R&D: Four Articles on NAND Flash, SSDs and NVMe

R&D: Page-Overwrite Data Sanitization in 3D NAND Flash, Challenges, Feasibility, and the PULSE Solution

Experimentally evaluate page-overwrite-based sanitization on commercial 3D NAND flash memory chips and uncover significant threshold voltage disturbances in erased cells on adjacent pages within the same layer but across different sub-blocks.

ACM Transactions on Embedded Computing Systems has published an article written by Matchima Buddhanoy, Electrical and computer engineering, Colorado State University, Fort Collins, USA, Aleksandar Milenkovic, Electrical and computer engineering, The University of Alabama in Huntsville, Huntsville, USA, Sudeep Pasricha, and Biswajit Ray, Biswajit Ray Electrical and computer engineering, Colorado State University, Fort Collins, USA.
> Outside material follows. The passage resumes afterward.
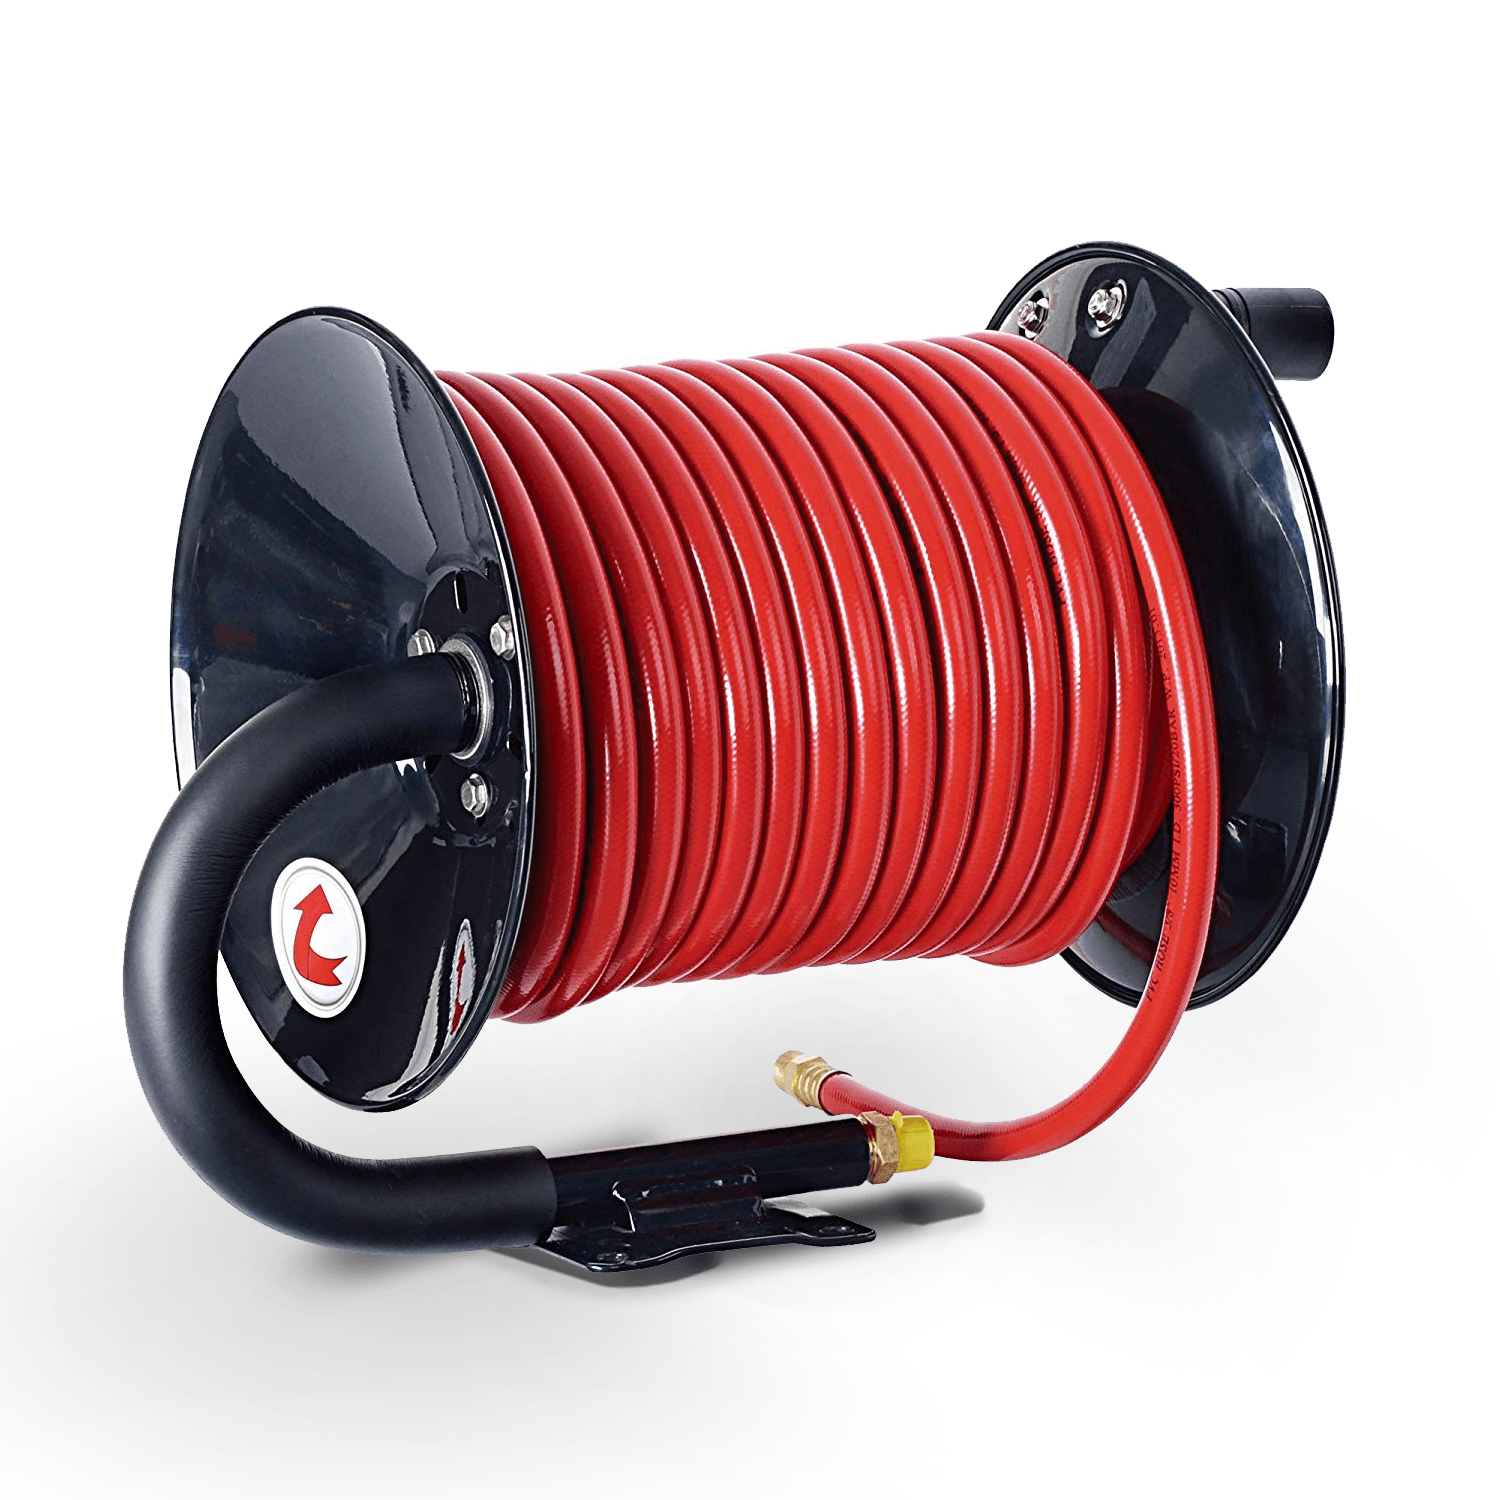 100' Hand Manual Air Hose Reel with Lead Hose - Fits 3/8 x 100ft Air Hoses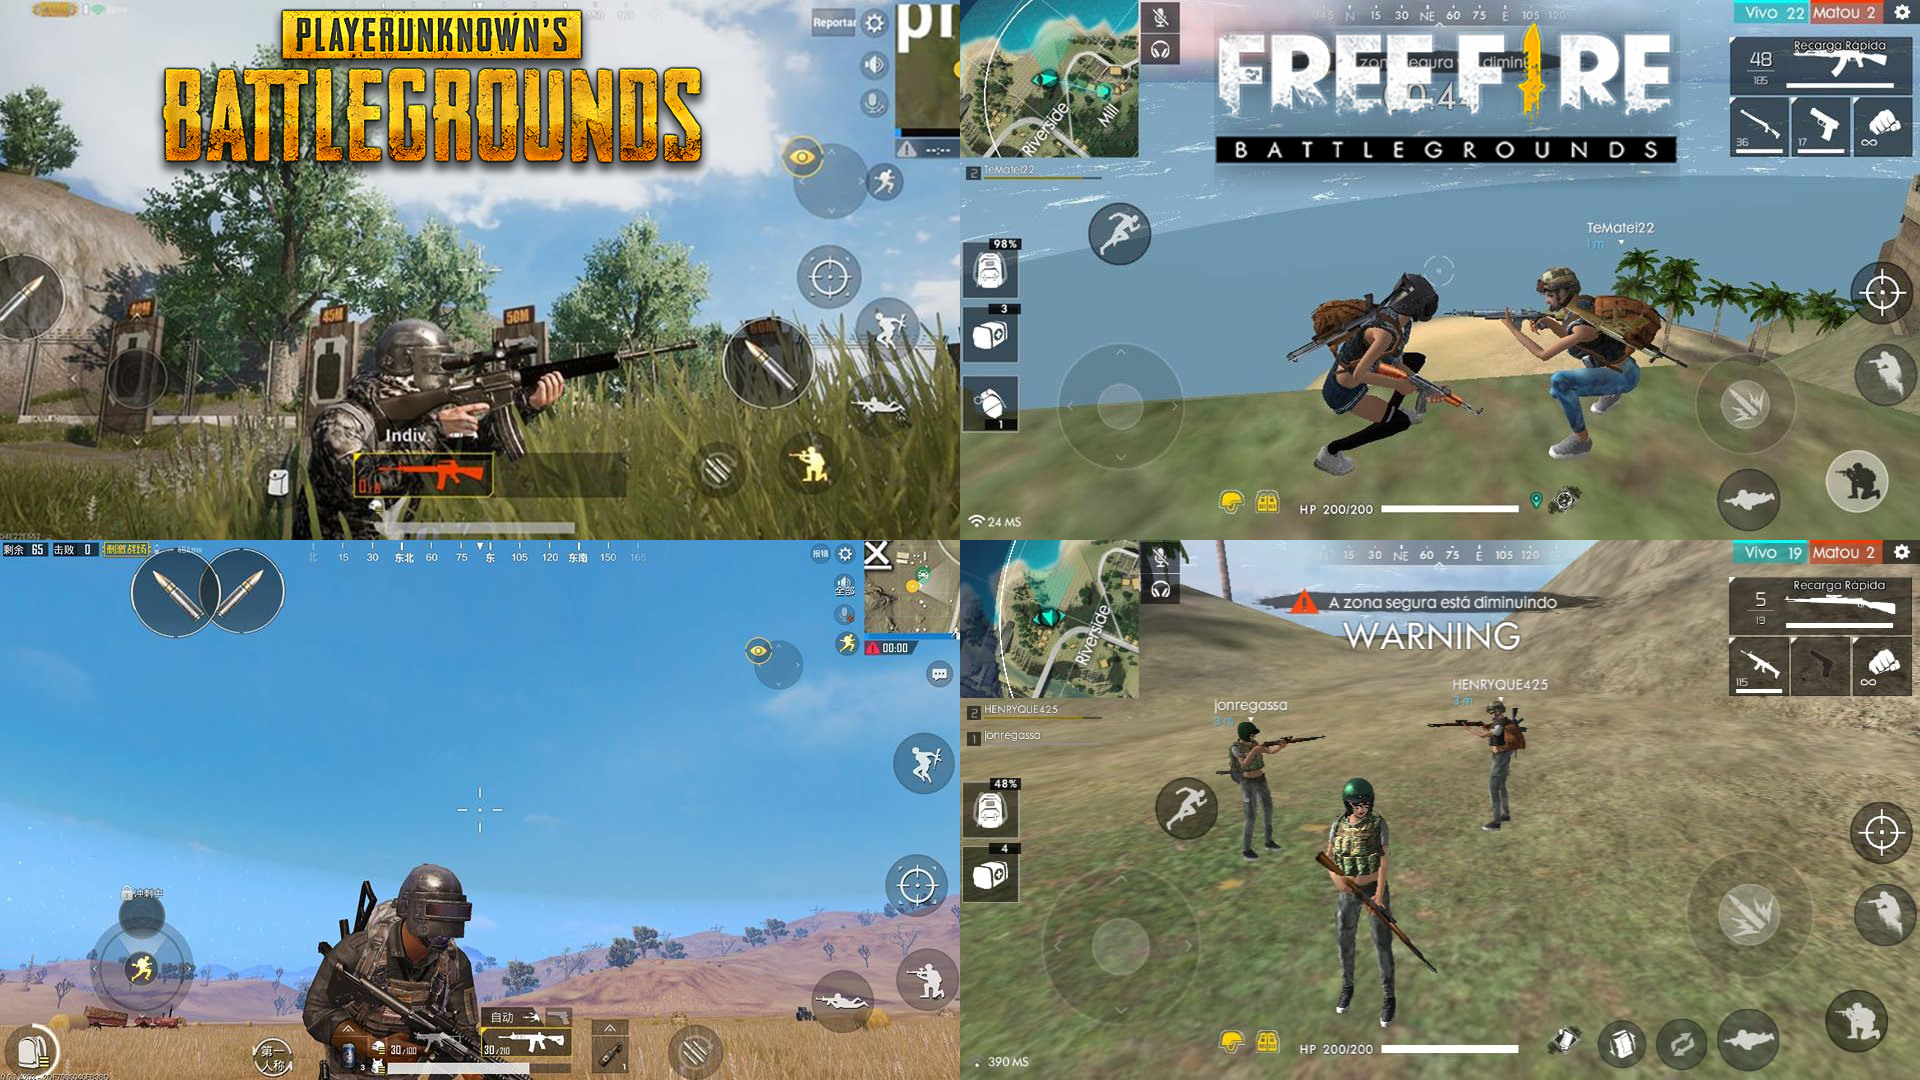 Free fire mobile | Download Free Fire Battlegrounds for PC ...

Abstract: “Instant data deletion (or sanitization) in NAND flash devices is essential for achieving data privacy, but it remains challenging due to the mismatch between erase and write granularities, which leads to high overhead and accelerated wear. While page-overwrite-based instant data sanitization has proven effective for 2D NAND, its applicability to 3D NAND is limited due to the unique sub-block architecture. In this study, we experimentally evaluate page-overwrite-based sanitization on commercial 3D NAND flash memory chips and uncover significant threshold voltage disturbances in erased cells on adjacent pages within the same layer but across different sub-blocks. Our key findings reveal that page-overwrite sanitization increases the median raw bit error rate (RBER) beyond correction limits (exceeding 0.93%) in Floating-Gate (FG) Single-Level Cell (SLC) technology, whereas Charge-Trap (CT) SLC 3D NAND flash memories exhibit higher robustness. In Triple-Level Cell (TLC) 3D NAND, page-overwrite sanitization proves impractical, with the median RBER of ∼13% for FG and ∼5% for CT devices. To overcome these challenges, we propose PULSE, a low-disturbance sanitization technique that balances sanitization efficiency (\({{\eta }_{san}}\)) and data integrity (RBER). Experimental results show that PULSE eliminates RBER increases in SLC devices and reduces the median RBER to below 0.57% for FG and 0.79% for CT in fresh TLC blocks, demonstrating its practical viability for 3D NAND flash sanitization.“

R&D: Fraggle, Reducing File Fragmentation on DRAM-less SSD

Paper presents Fraggle, a host-device co-design that mitigates file fragmentation on DRAM-less SSDs by preserving the efficacy of preallocation within an extended LBA space.

IEEE Transactions on Computer-Aided Design of Integrated Circuits and Systems has published an article written by Weizhou Huang, Hepei Wu, Shuhan Bai, Jian Zhou, Tong Zhang, and Fei Wu, Wuhan National Laboratory for Optoelectronics, Huazhong University of Science and Technology, Wuhan, China.

Abstract: “Mobile devices adopt DRAM-less SSDs as the flash storage to reduce power consumption and manufacturing costs, yet DRAM-less SSDs are significantly impacted by file fragmentation, thereby degrading the responsiveness of mobile devices. Existing methods to mitigate file fragmentation, including preallocation and defragmentation, face critical limitations. Preallocation prevents file fragmentation by reserving contiguous free LBA space for individual files. However, within the limited LBA space exposed by the SSD, contiguous free space is gradually consumed, and fragmented by scattered data blocks, reducing the effectiveness of preallocation. Defragmentation recovers file access performance by reorganizing fragmented file layouts into contiguous ones. However, when applied to DRAM-less SSD, defragmentation introduces excessive cache eviction of dirty mapping entries to the slow NAND flash, causing significant performance disruption. This paper presents Fraggle, a host-device co-design that mitigates file fragmentation on DRAM-less SSDs by preserving the efficacy of preallocation within an extended LBA space. To effectively manage the extended LBA space, Fraggle introduces two key components: (1) HashFTL, a compact, cache-efficient FTL mapping mechanism specifically optimized for DRAM-less SSDs, and (2) a device-assisted space allocator that simultaneously reduces space allocation overhead and resolves layout imbalance issues in HashFTL caused by sparse LBA distribution. Evaluation results demonstrate that, compared to F2FS and state-of-the-art preallocation methods, Fraggle accelerates execution time by up to 9.26× and 8.07× under SQLite and real-world mobile application workloads.“

R&D: LEPA, Latency Estimation-based Page Allocation for Improving SSD Performance

Proposed method effectively improves SSD system I/O performance and reduces request response time by 14.7%.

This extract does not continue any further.